Which IMO makes sense because if code isn't solving anything interesting then you can dynamically generate it relatively easily, and it's easy to get demos up and running, but neither can help you solve interesting problems.
Which isn't to say it won't have a major impact on software for decades, especially low-effort apps.
So far, there is serious cognitive step needed that LLM just can't do to get productive. They can output code but they don't understand what's going on. They don't grasp architecture. Large projects don't fit on their token window.
There's a remarkably effective solution for this, that helps both humans and models alike - write documentation.
It's actually kind of funny how the LLM wave has sparked a renaissance of high-quality documentation. Who would have thought?
Funnily enpugh, AI itself is a great tool to create that high quality documentation fairly efficiently, but obviously not autonomously.
Even complex systems can be documented up to a level that is easy and much less laborious for the subject experts and architects to comb through for fhe final version.
High-quality documentation assumes there's someone with experience working on this. That's not the vibe coding they're selling.
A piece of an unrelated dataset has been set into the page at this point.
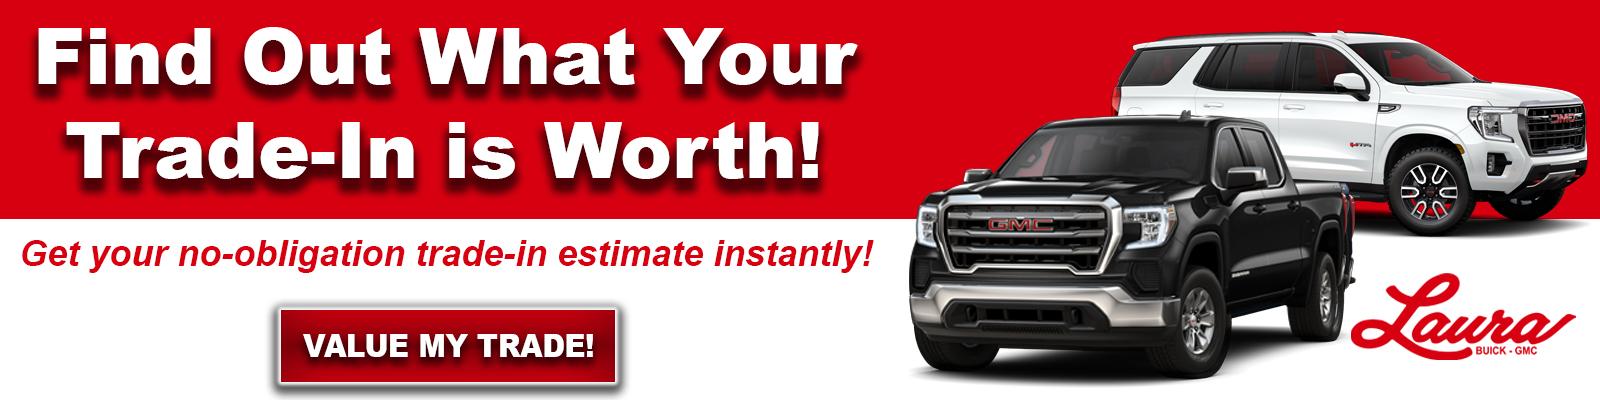 Click here to value your trade and get an instant offer!

Vibe coding is a black hole. I've had some colleagues try and pass stuff off.
What I'm learning about what matters is that the code itself is secondary to the understanding you develop by creating the code. You don't create the code? You don't develop the understanding. Without the understanding, there is nothing.
Yes. And using the LLM to generate then developing the requisite understanding and making it maintainable is slower than just writing it in the first place. And that effect compounds with repetition.
LLMs definitely kills the trust in open source software, because now everything can be a vibe-coded mess and it's sometimes hard to check.
LLMs definitely kills the trust in ~~open source~~ software, because now everything can be a vibe-coded mess and it's sometimes hard to check.
Might make open source more trustworthy, It can't be any harder to check than closed source.
yeah it's to the point now where if I see emojis in the readme.md on the repo I just don't even bother.
I used to use emojis in my documentation very lightly because I thought they were a good way to provide visual cues. But now with all the people vibe coding their own readme docs with freaking emojis everywhere I have to stop using them.
Mildly annoying.
If the abominable intelligence is killing every corner of things we consider good its time to start killing the "AI"...
The killing part is not necessarily people vibe coding programs into OSS projects, but even if the OSS itself is not vibe coded, people using AI to integrate with it will result in lower engagement and thus killing the ecosystem:
Together, these patterns suggest that AI mediation can divert interaction away from the surfaces where OSS projects monetize and recruit contributors.
From Section 2.3 of the reported paper.
Open source is not only about publishing code: it's about quality, verifiable, reproducible code at work. If LLMs can't do that, those "vibe coding" projects will hit a hard wall. Still, it's quite clear they badly impact the FOSS ecosystem.